Why do you unload a truck full of babies with a pitchfork? So you can tell which ones are still alive.
First Cannibal: "Who was that girl I saw you with last night?" Second Cannibal: "That was no girl, that was my supper."
Q: Did you hear Lorena Bobbitt was almost killed in a traffic accident? A: Some dick cut her off.
Why would the cannibal only eat babies? He was on a diet!
Q. Why did Michael Jackson call Boys II Men? A. He thought it was a home delivery service.
Why are little girls better than little boys? Because when you're finished using them as little girls, you can turn them over and use them as little boys.

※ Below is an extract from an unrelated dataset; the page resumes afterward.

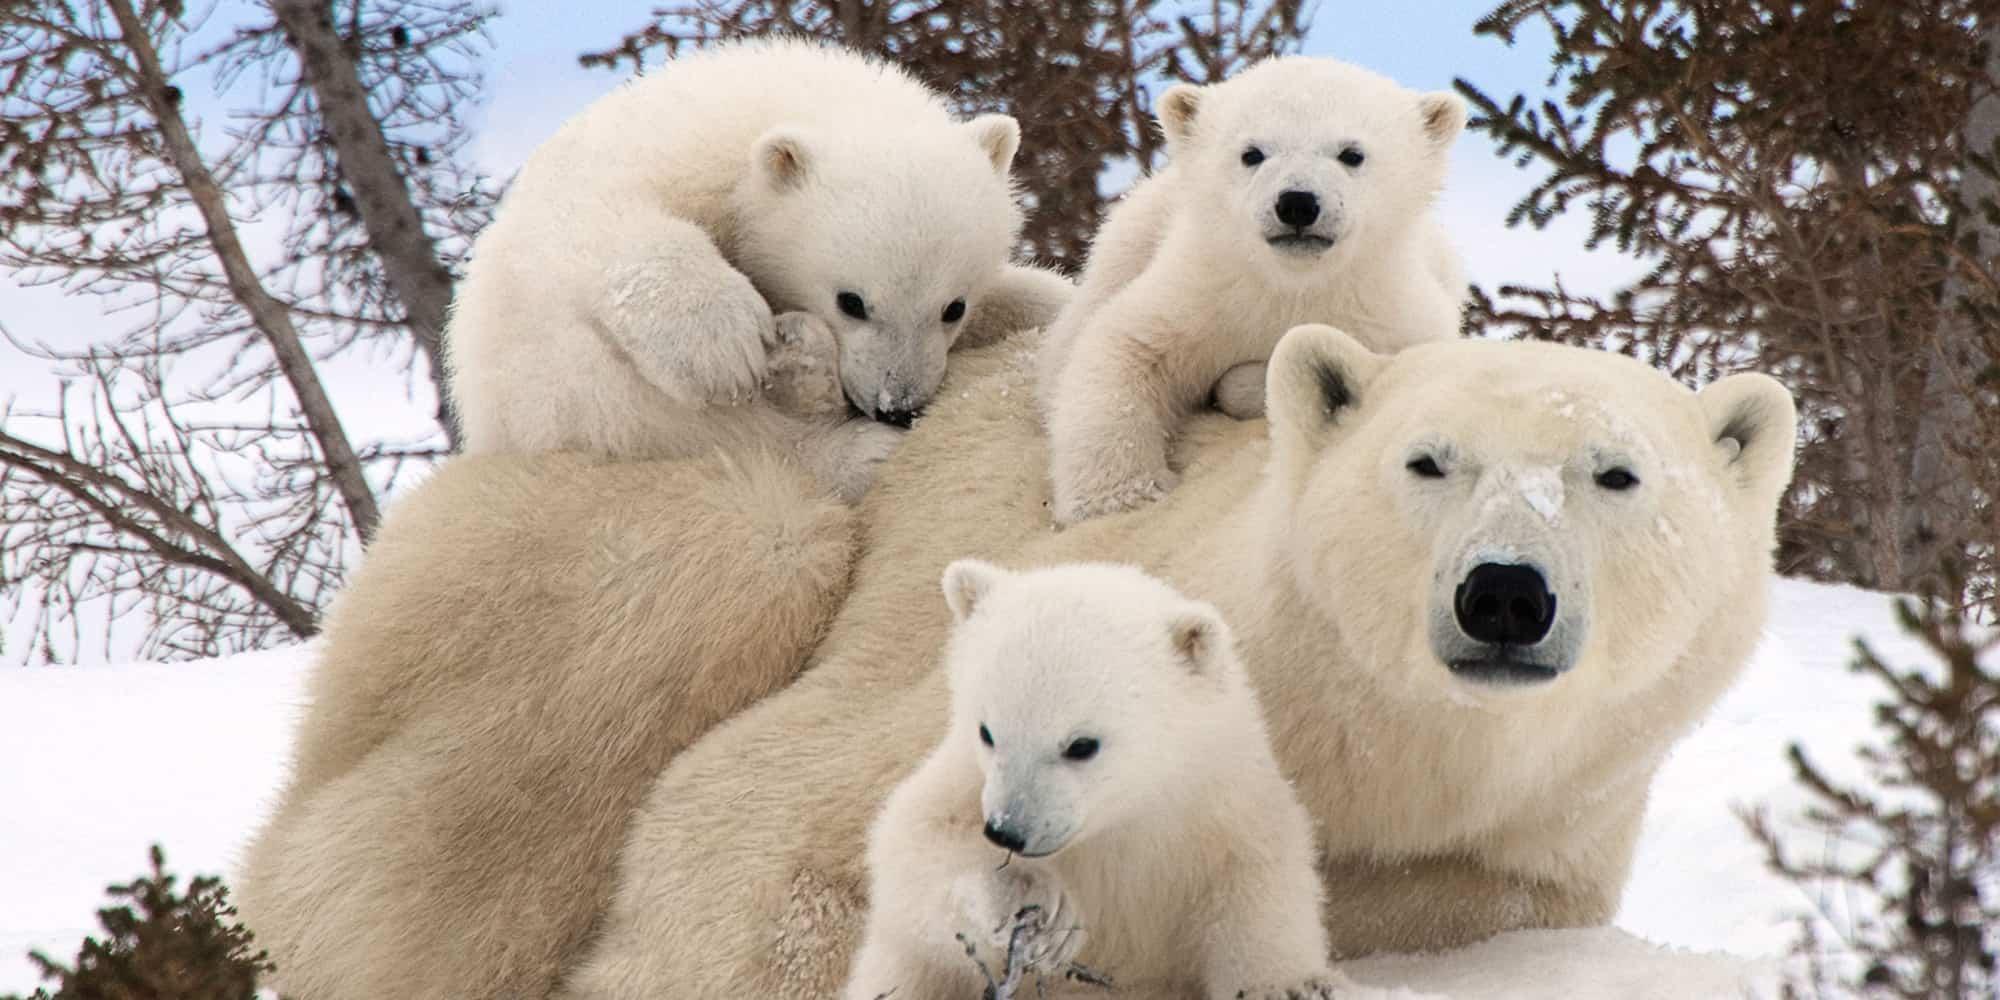 Photo of Селфи с моржом и белым медведем на ВДНХ Селфи с моржом и белым медведем на ВДНХ Селфи с моржом и белым медведем на ВДНХ 001

When you're driving and Nicki Minaj is on all 3 radio stations at the exact same time, there's nothing left to do except crash your car.
Why is Hitler never invited to BBQ's? He always burns the franks.
There was a 3 car accident in Mexico yesterday, 84 people were found dead.
What's red, bubbly, and scratches at the window before exploding? A baby in a microwave.
Two Middle East mothers are sitting in a cafe chatting over a plate of tabouli and a pint of goat’s milk. The older of the mothers pulls a bag out of her purse and starts flipping through photos. And they start reminiscing. "This is my oldest son Mohammed. He would be 24 years old now." "Yes, I remember him as a baby" says the other mother cheerfully. "He’s a martyr now though" mum confides. "Oh, so sad, dear" says the other. "And this is my second son Kalid. He would be 21." "Oh, I remember him," says the other happily, "he had such curly hair when he was born." "He’s a martyr too" says mum quietly. "Oh, gracious me…" says the other. "And this is my third son. My baby. My beautiful Ahmed. He would be 18," she whispers. "Yes" says the friend enthusiastically, "I remember when he first started school." "He’s a martyr also," says mum, with tears in her eyes. After a pause and a deep sigh, the second Muslim mother looks wistfully at the photographs and says, "They blow up so fast, don’t they?"